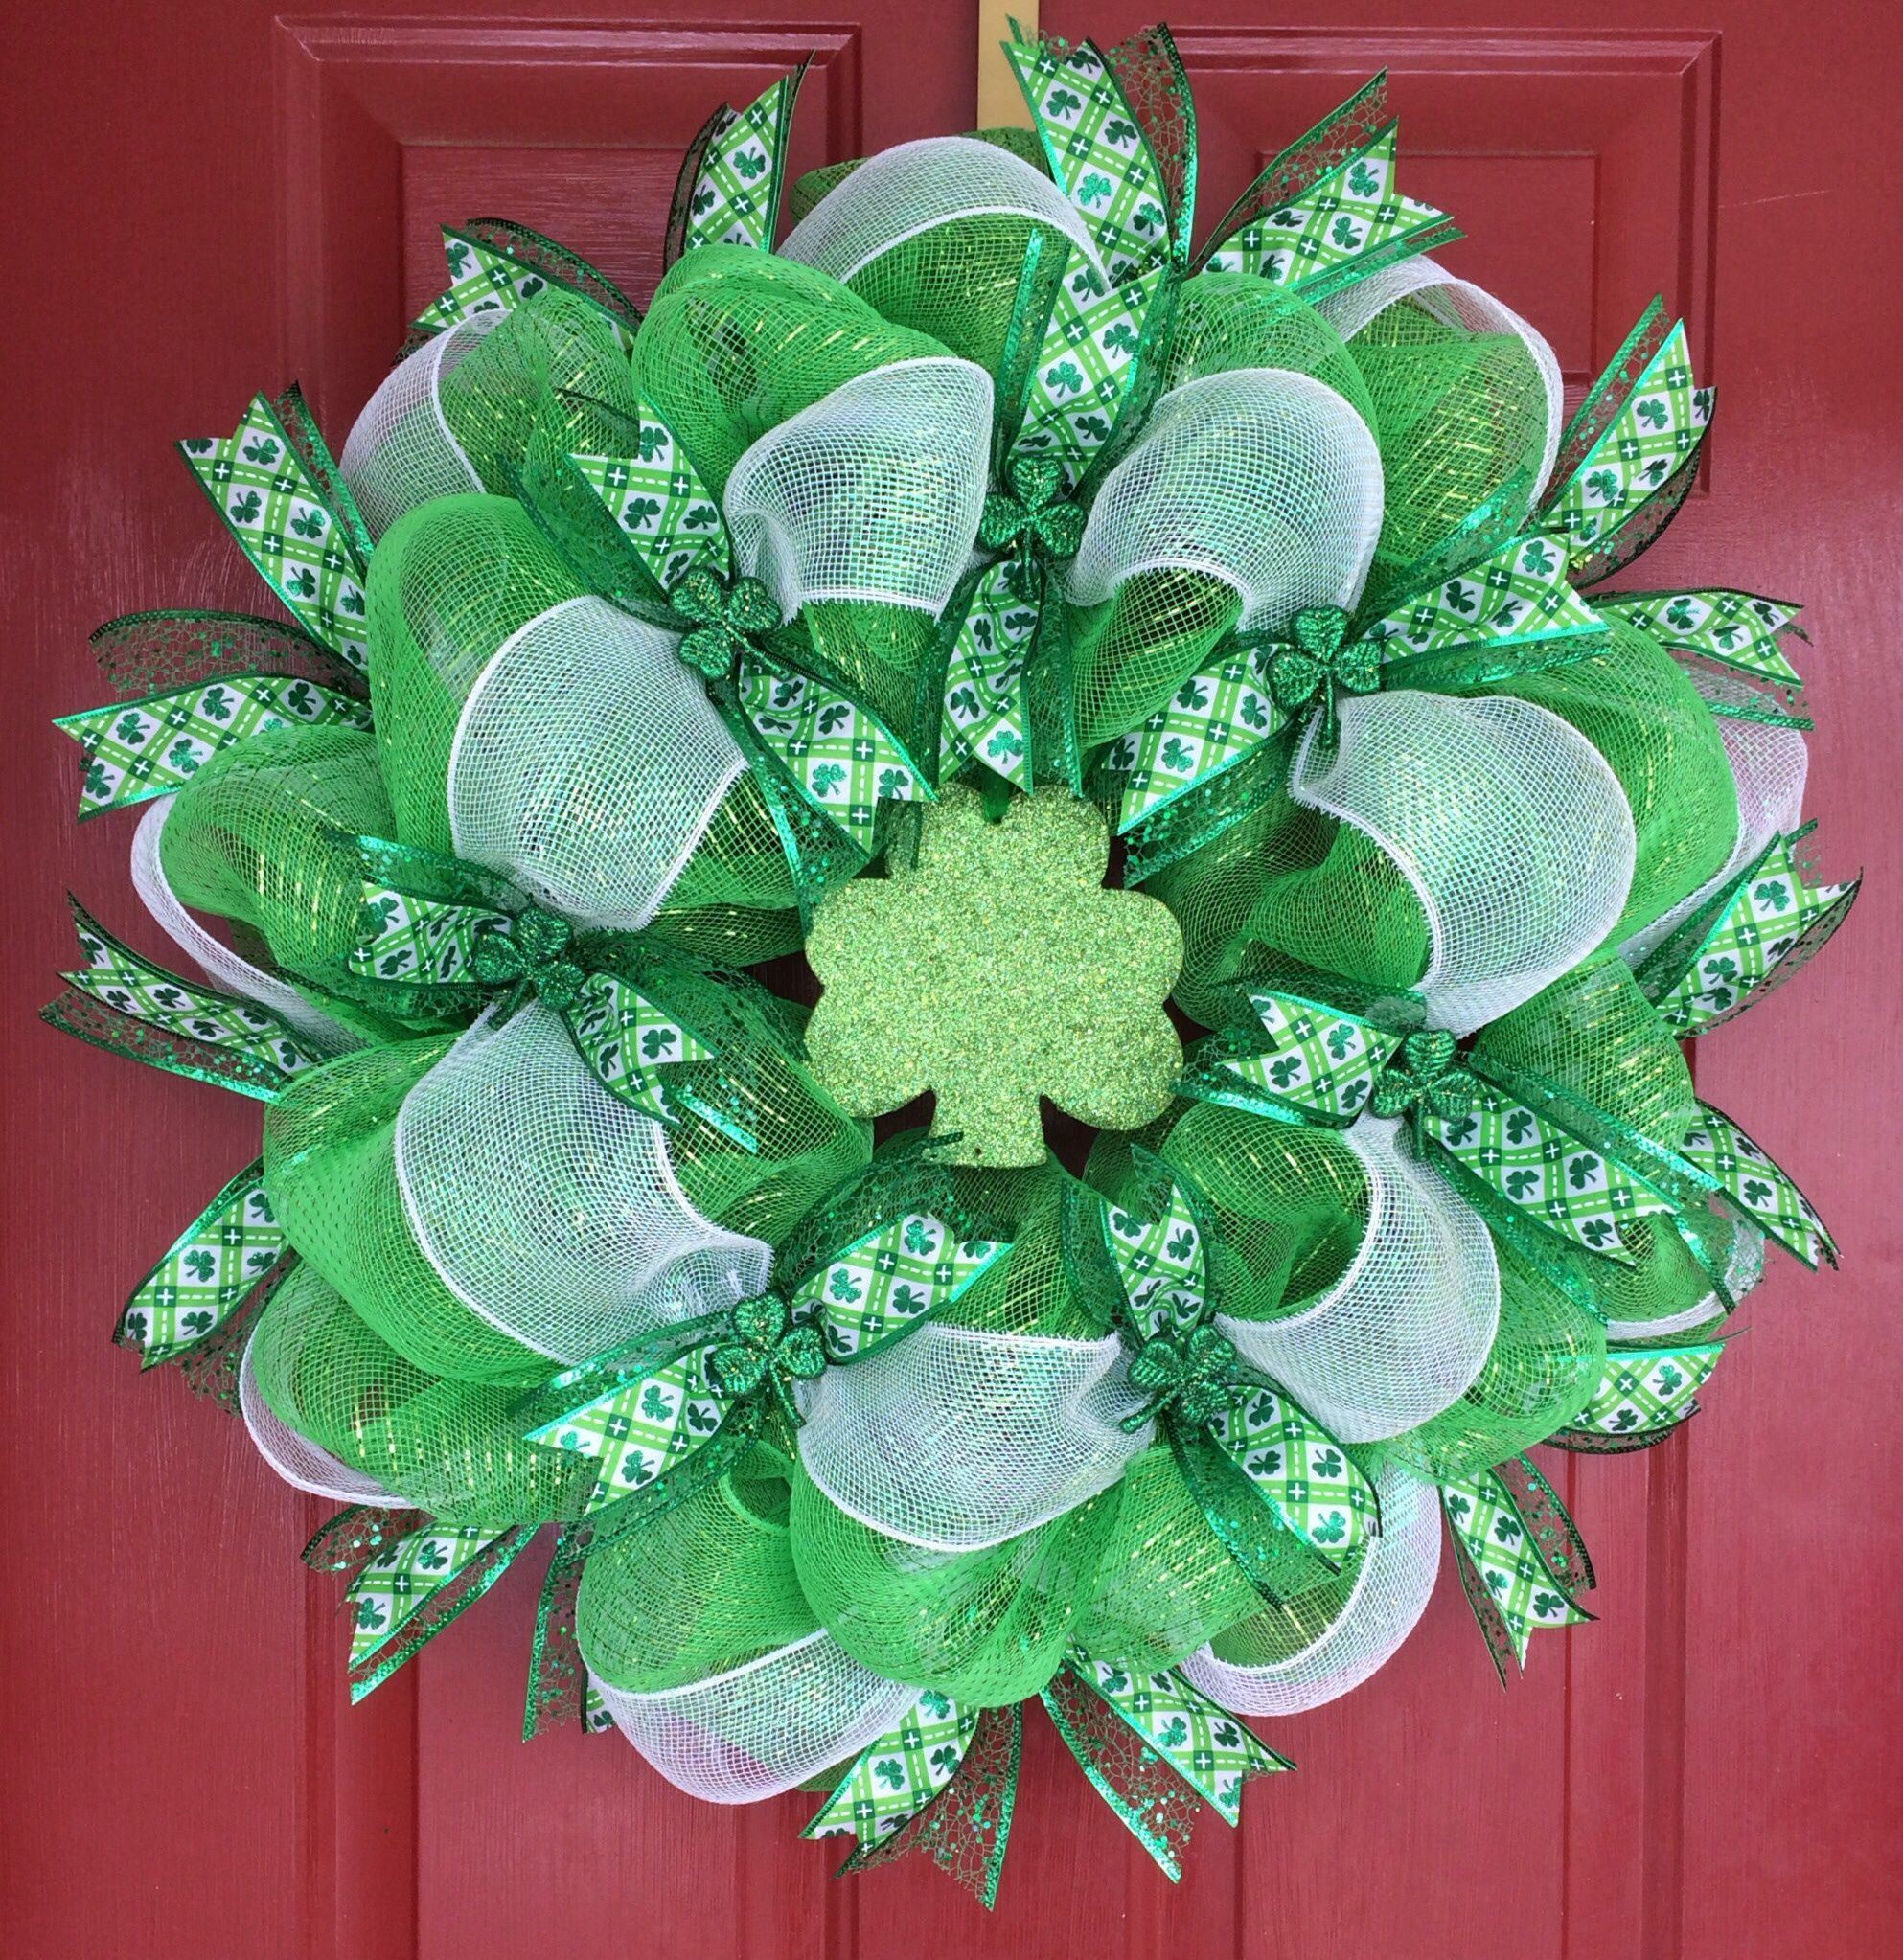 St. Patty's Shamrock wreath by KA Wreath Design Diy
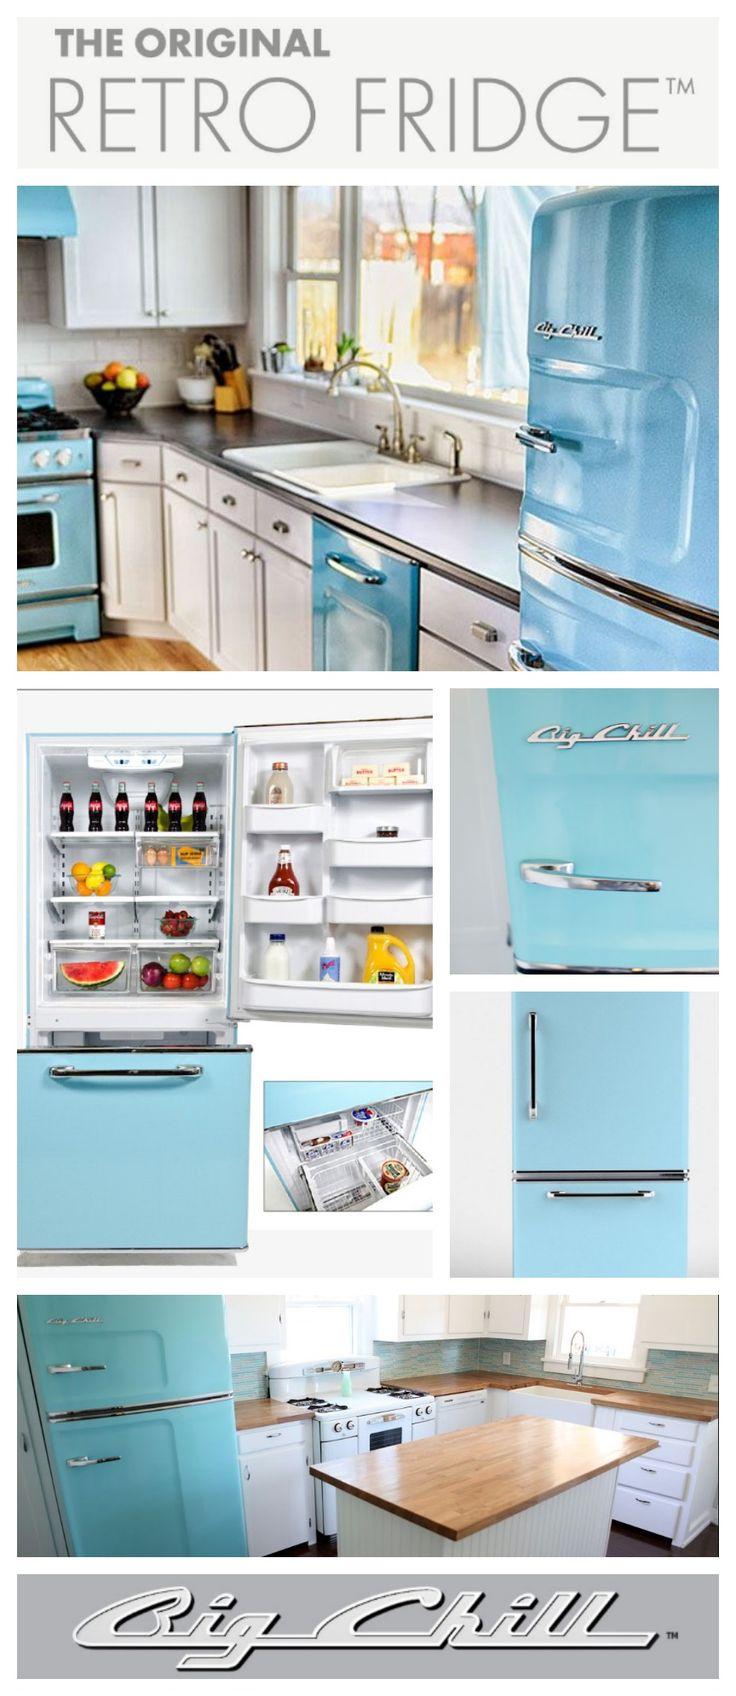 94 best Kitchens for life images on Pinterest | Kitchen ideas, Loft ...
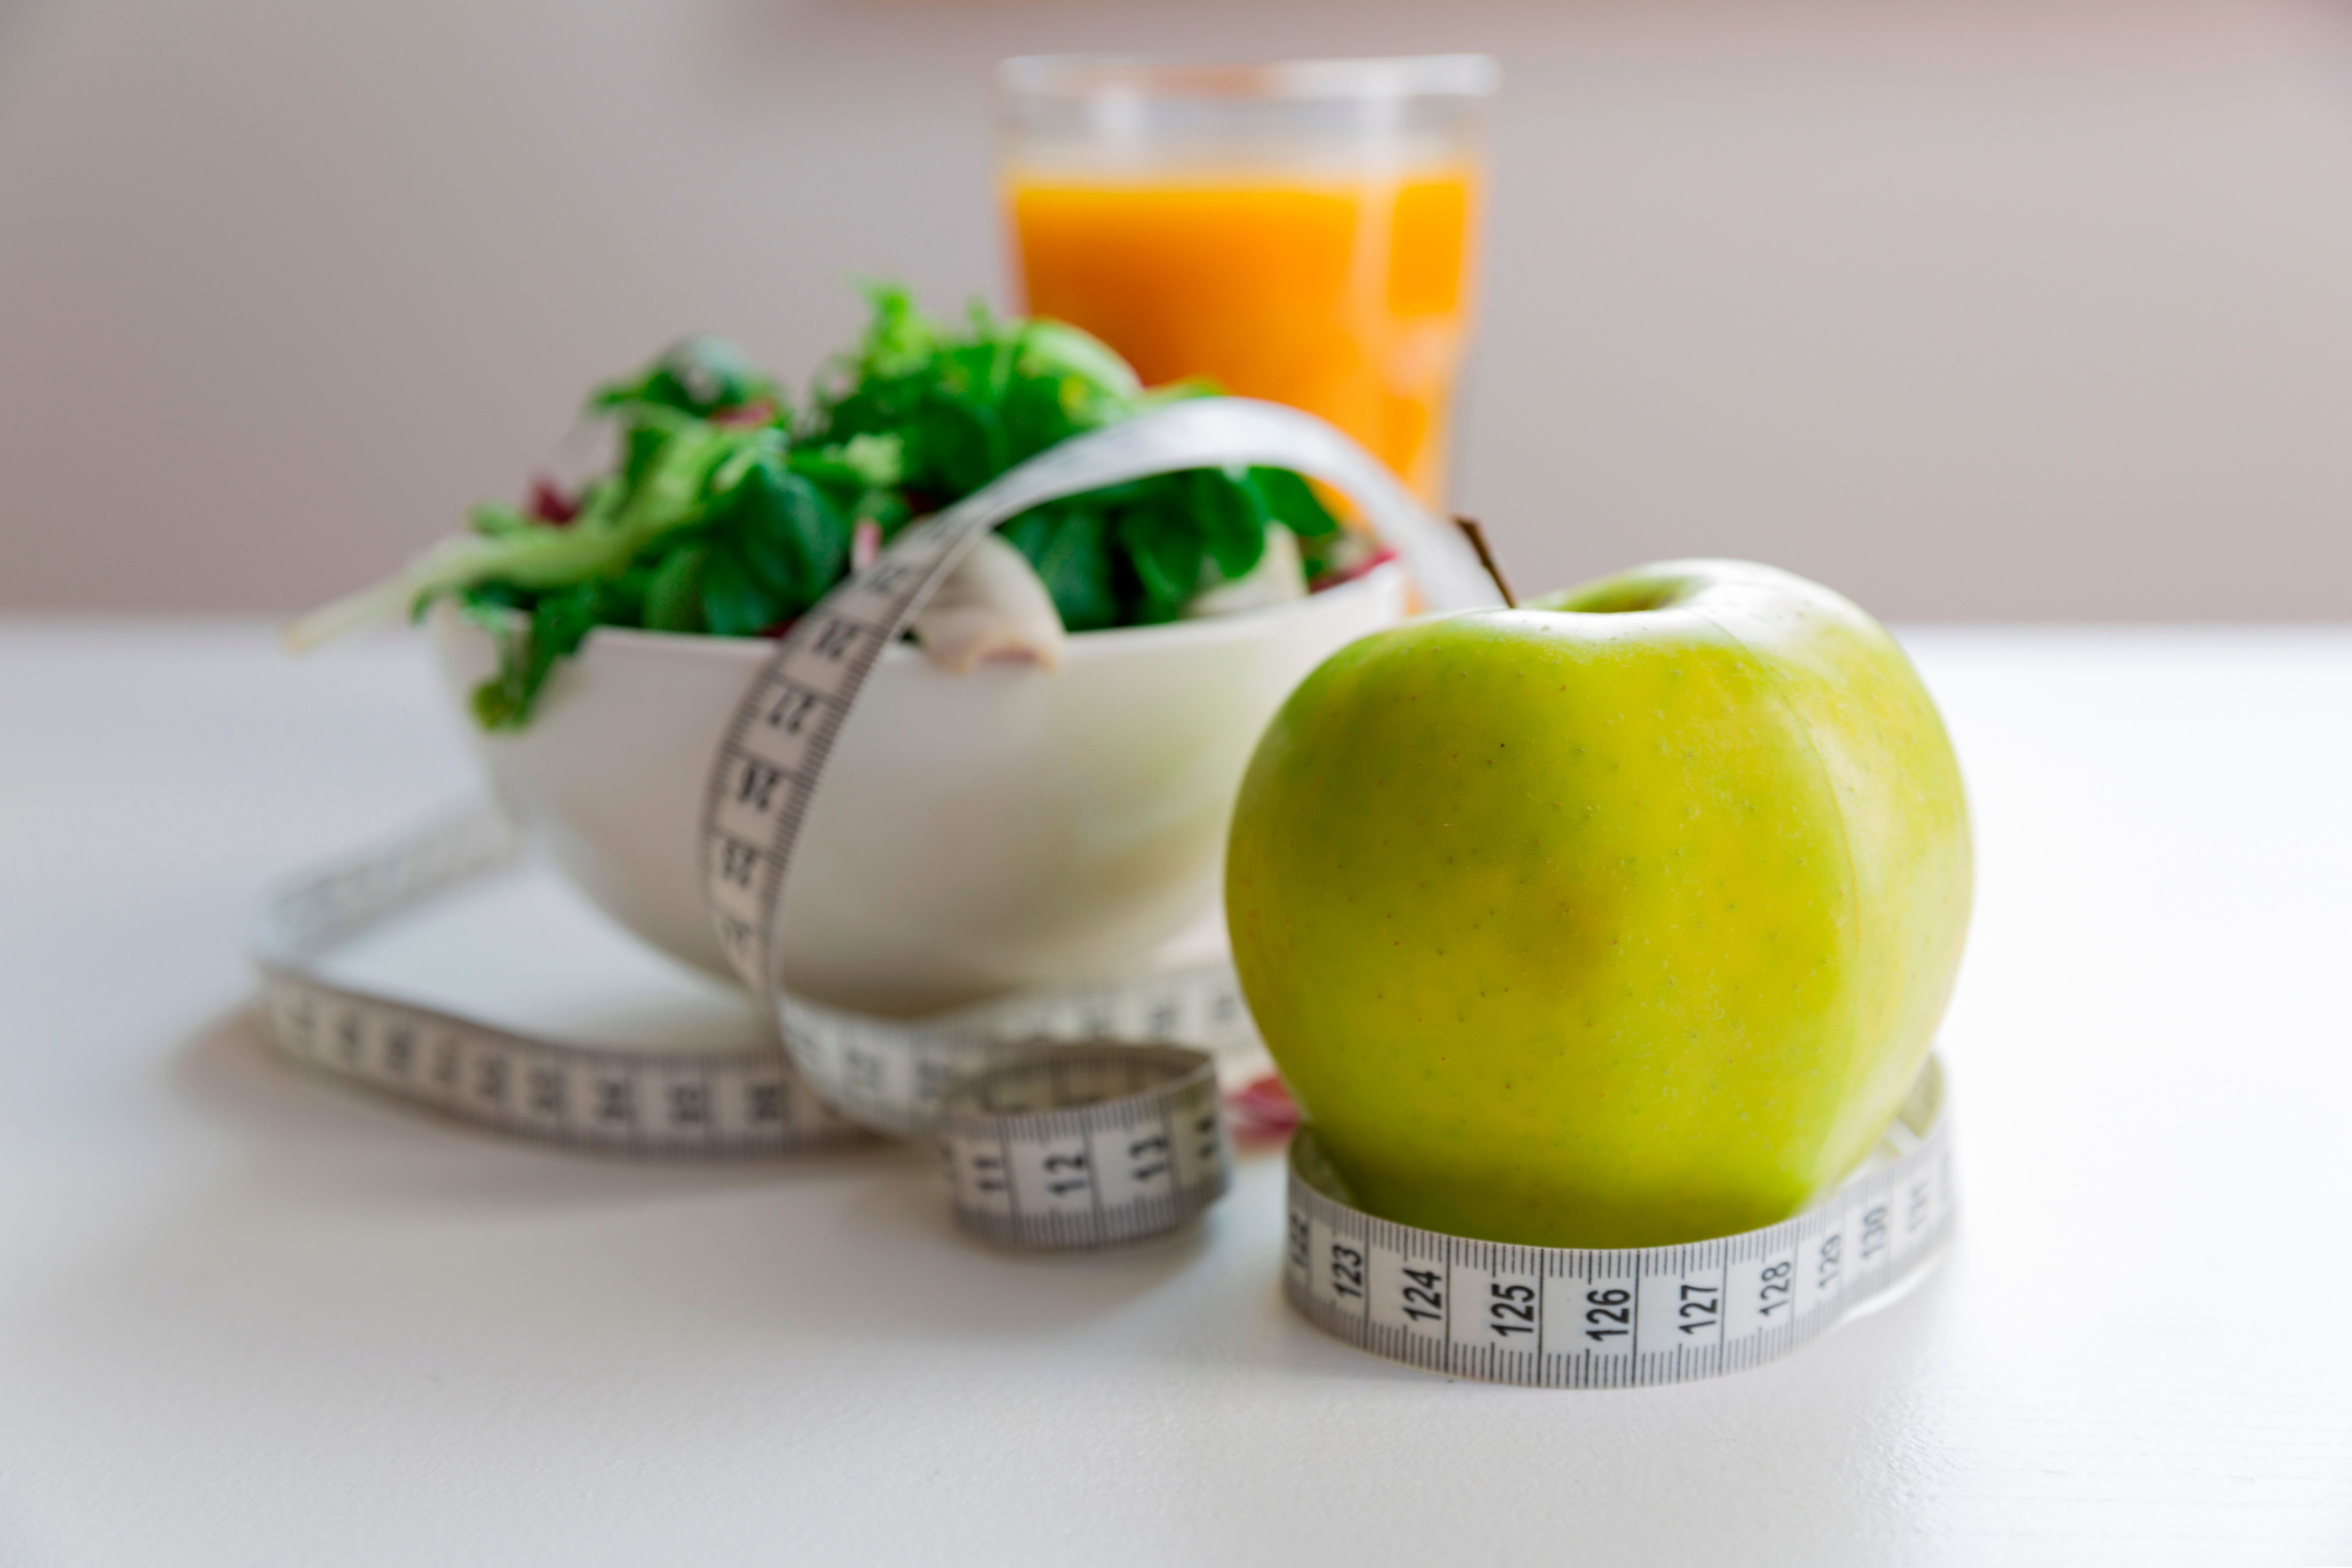 Romina Pereiro - Dietas restrictivas

= What you have to do =
Return the complete material exactly as it appears, without images.

= Answer =
 St. Patty's Shamrock wreath by KA Wreath Design Diy
 94 best Kitchens for life images on Pinterest | Kitchen ideas, Loft ...
 Romina Pereiro - Dietas restrictivas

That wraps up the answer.